> Work order: Your task is to restate word for word the lines in the material below, from the one with "sauce | With Spice" up to and including the one with "Zinnias Throw Pillow". Do not carry over the pictures.

> The data:

....

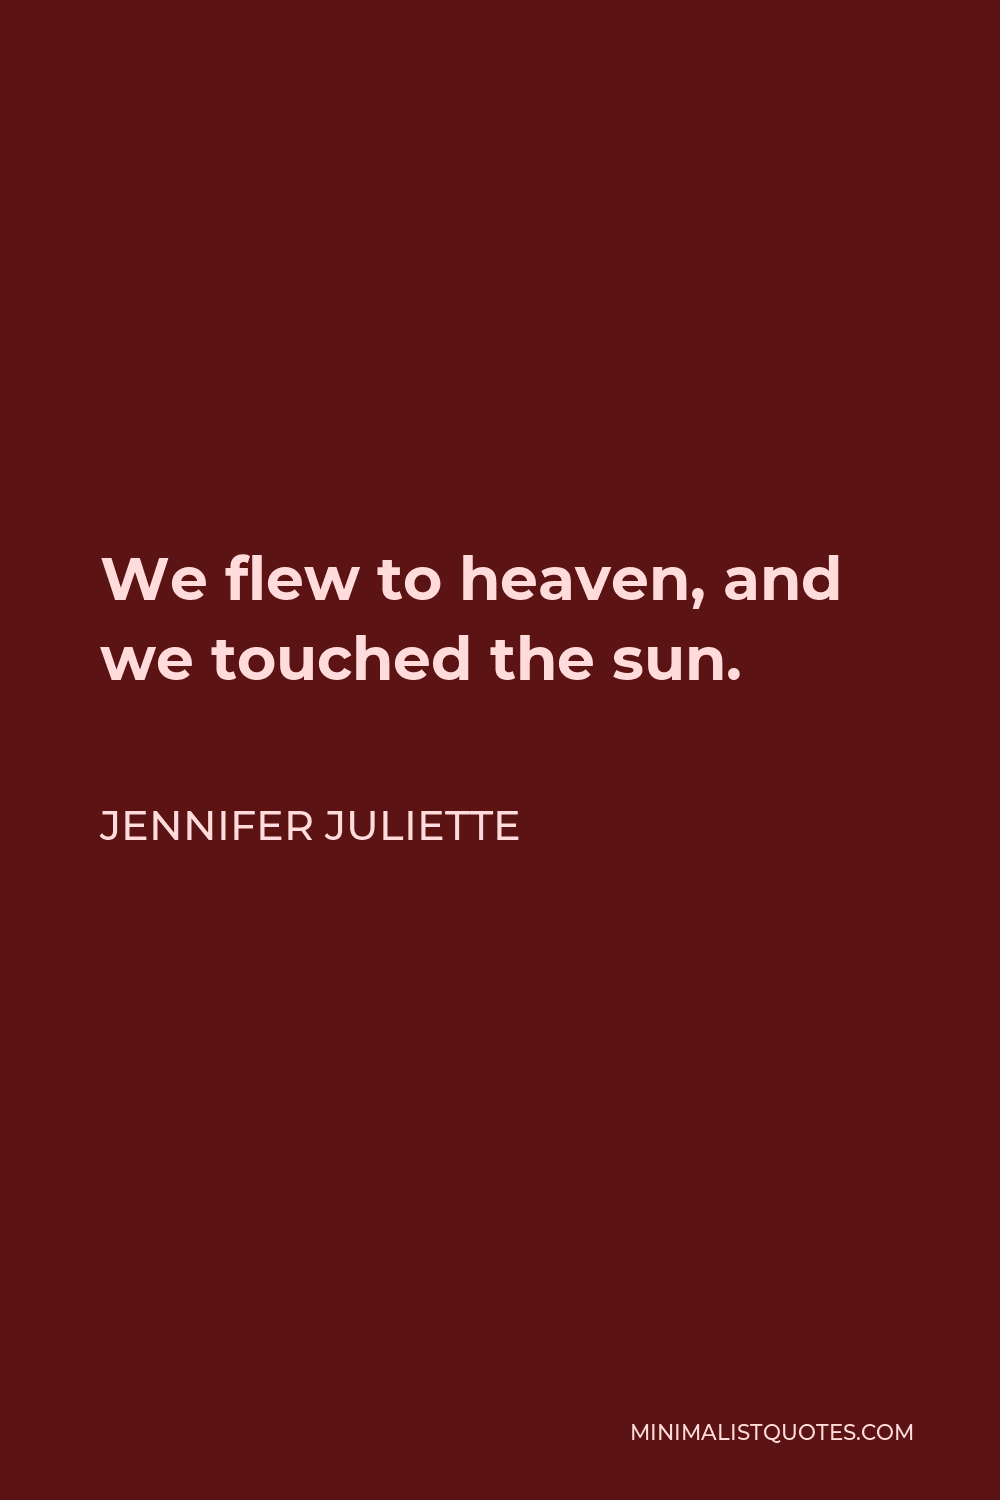 Jennifer Juliette Quote - We flew to heaven, and we touched the sun.
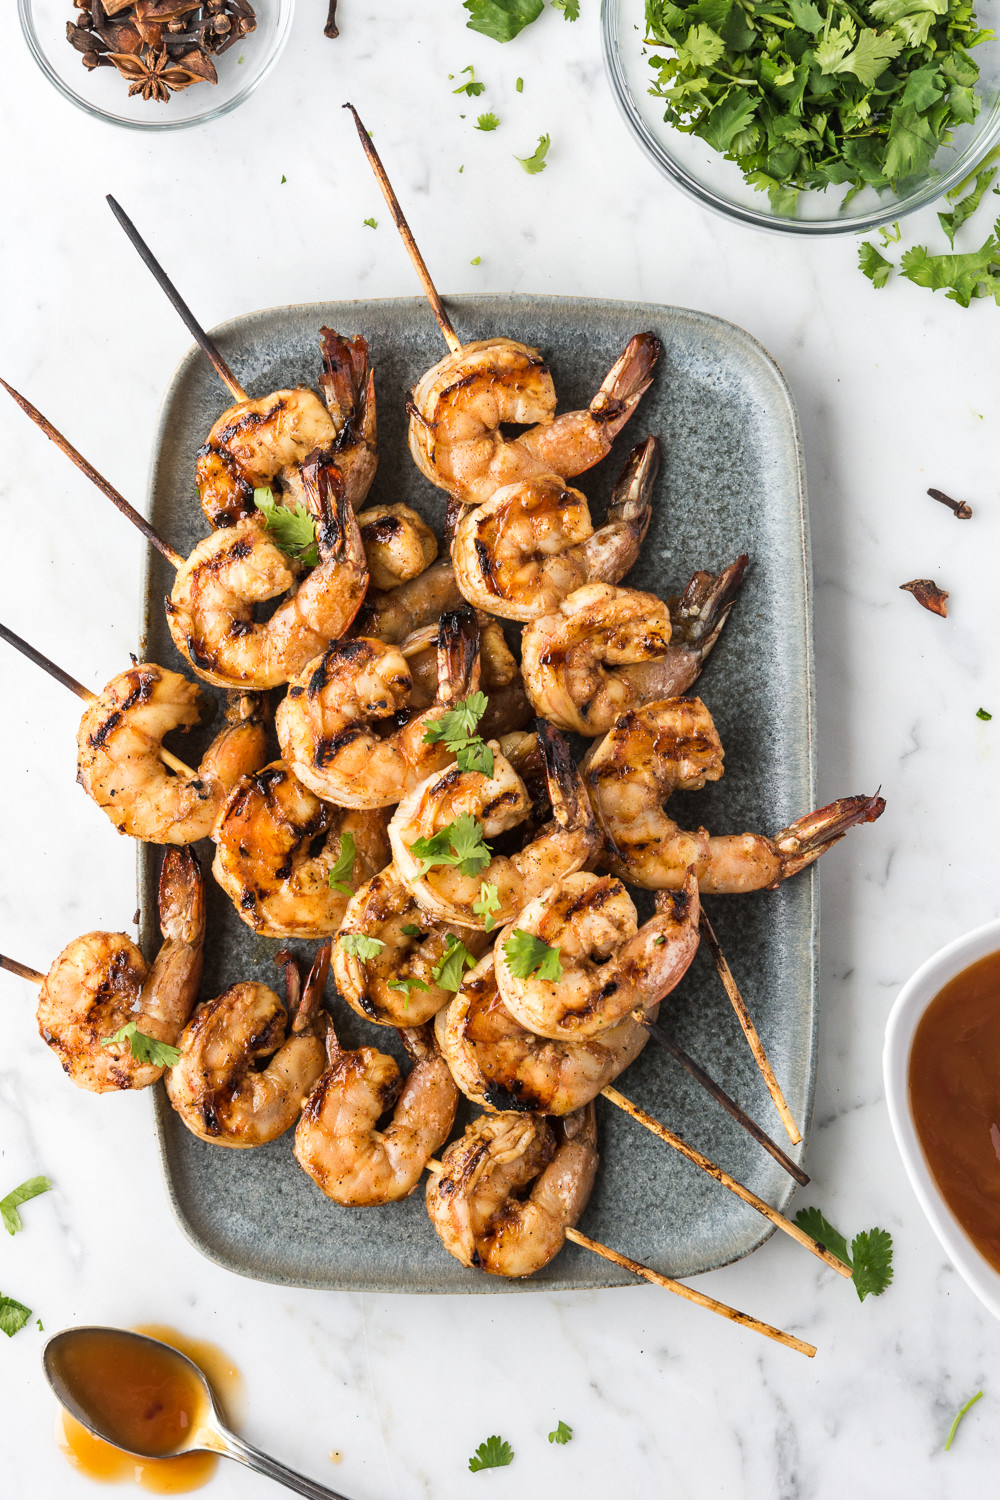 five spice grilled shrimp with sweet and sour sauce | With Spice
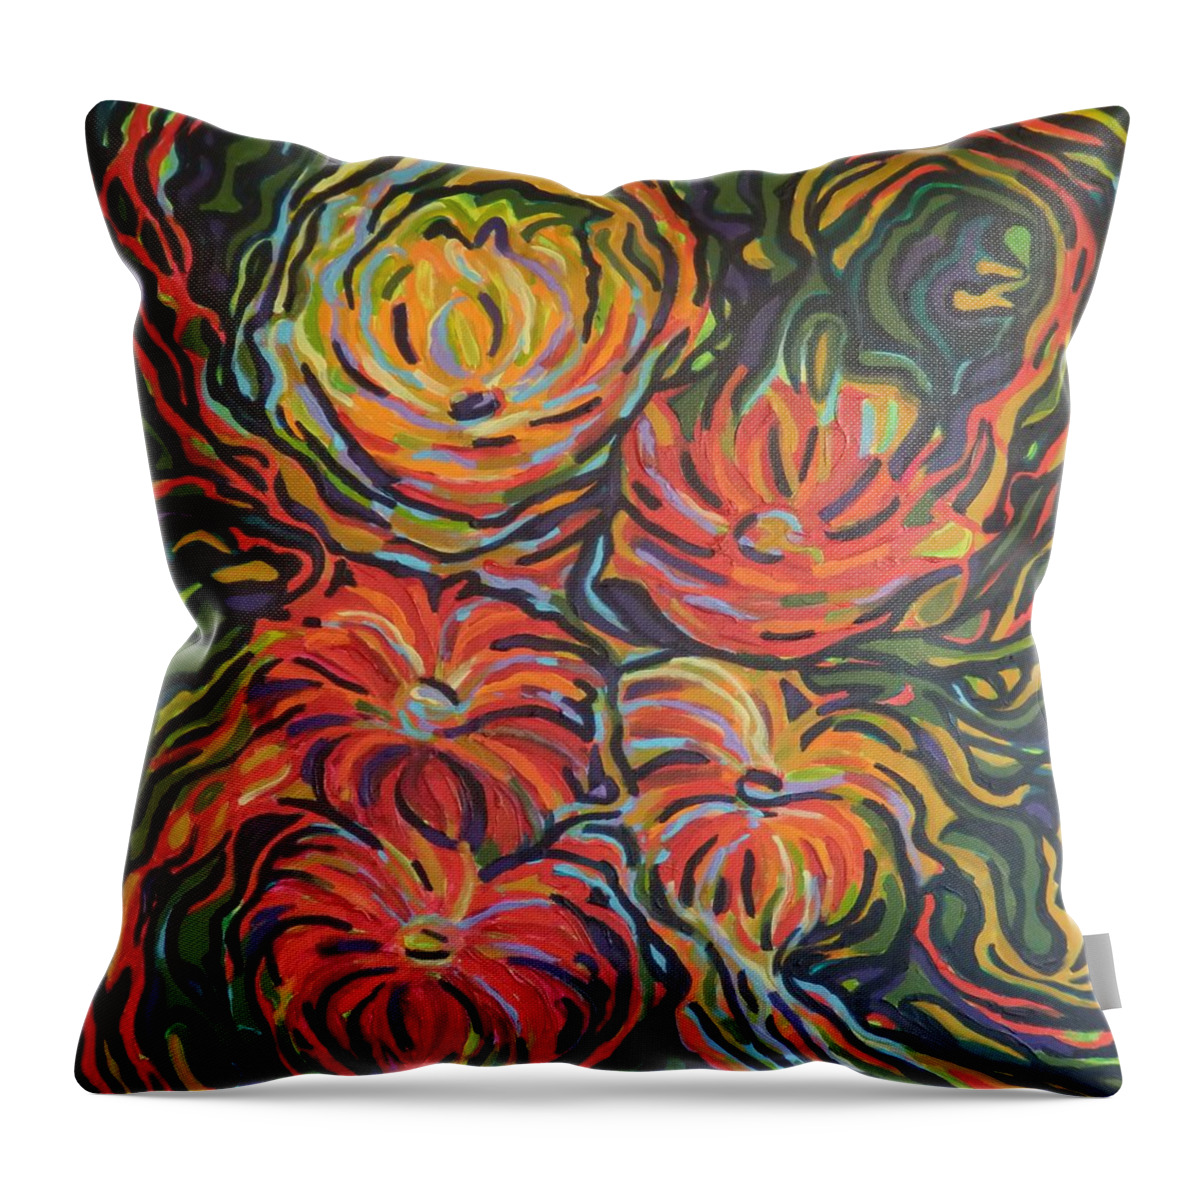 Zinnias Throw Pillow featuring the painting In full bloom by Zofia Kijak
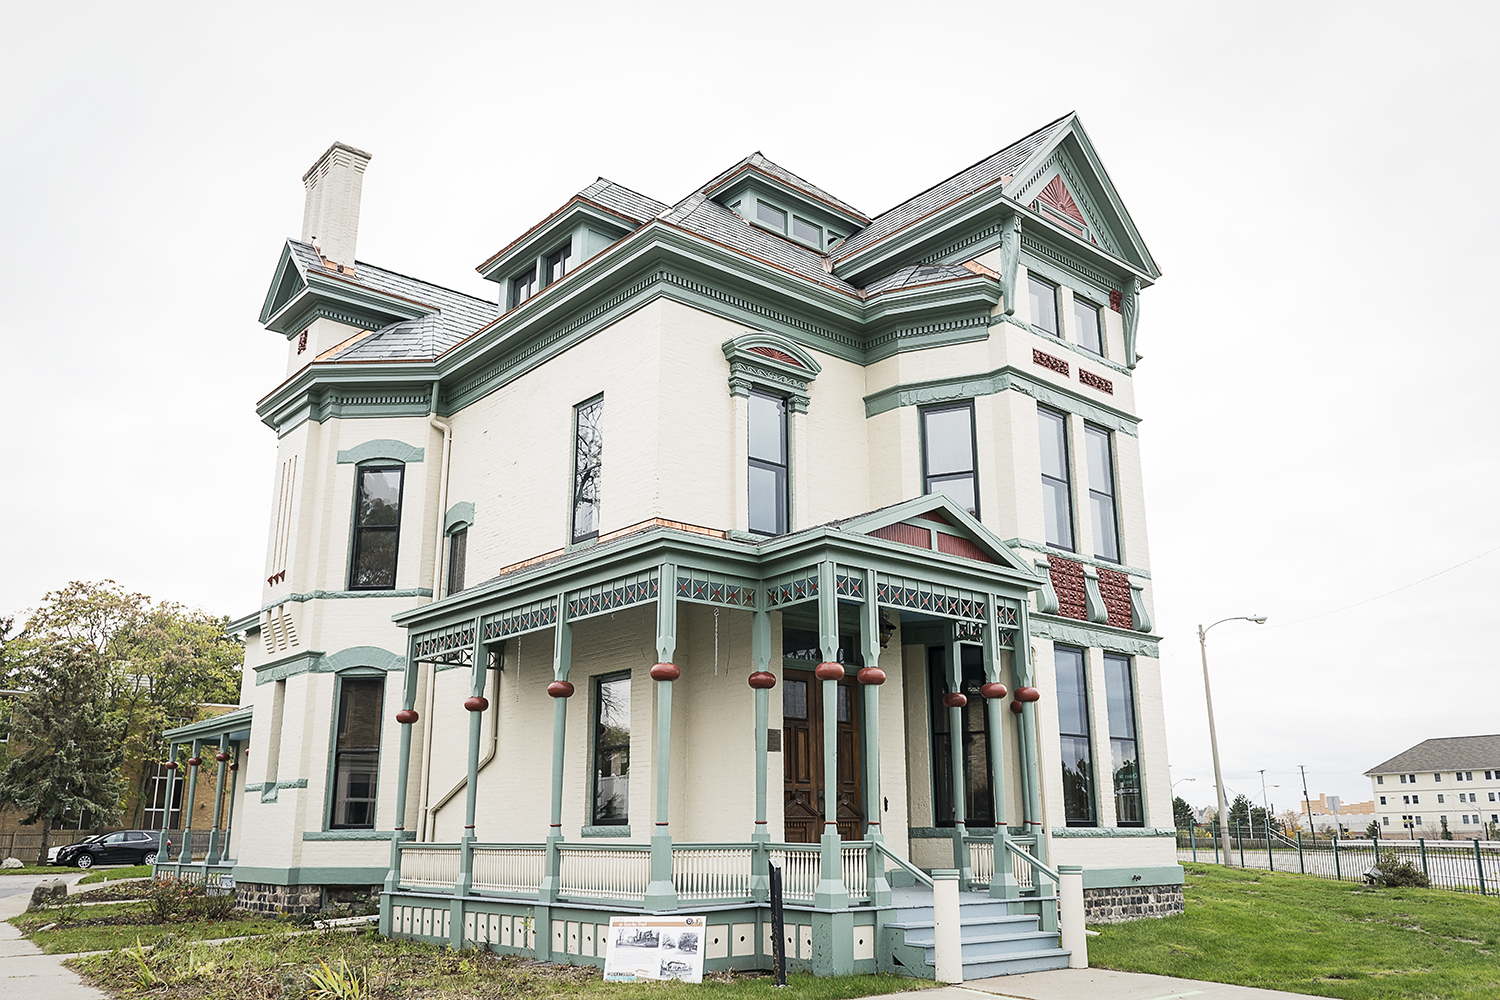 Flint, MI - Tuesday, October 31, 2017: The Whaley Historic House Museum sits on Kearsley Street, along I-475, on a fraction of the land it was originally built on. Kearsley Street was home to many of the influential families of Flint including the Do

....

> Task solution:
 five spice grilled shrimp with sweet and sour sauce | With Spice
 Zinnias Throw Pillow featuring the painting In full bloom by Zofia Kijak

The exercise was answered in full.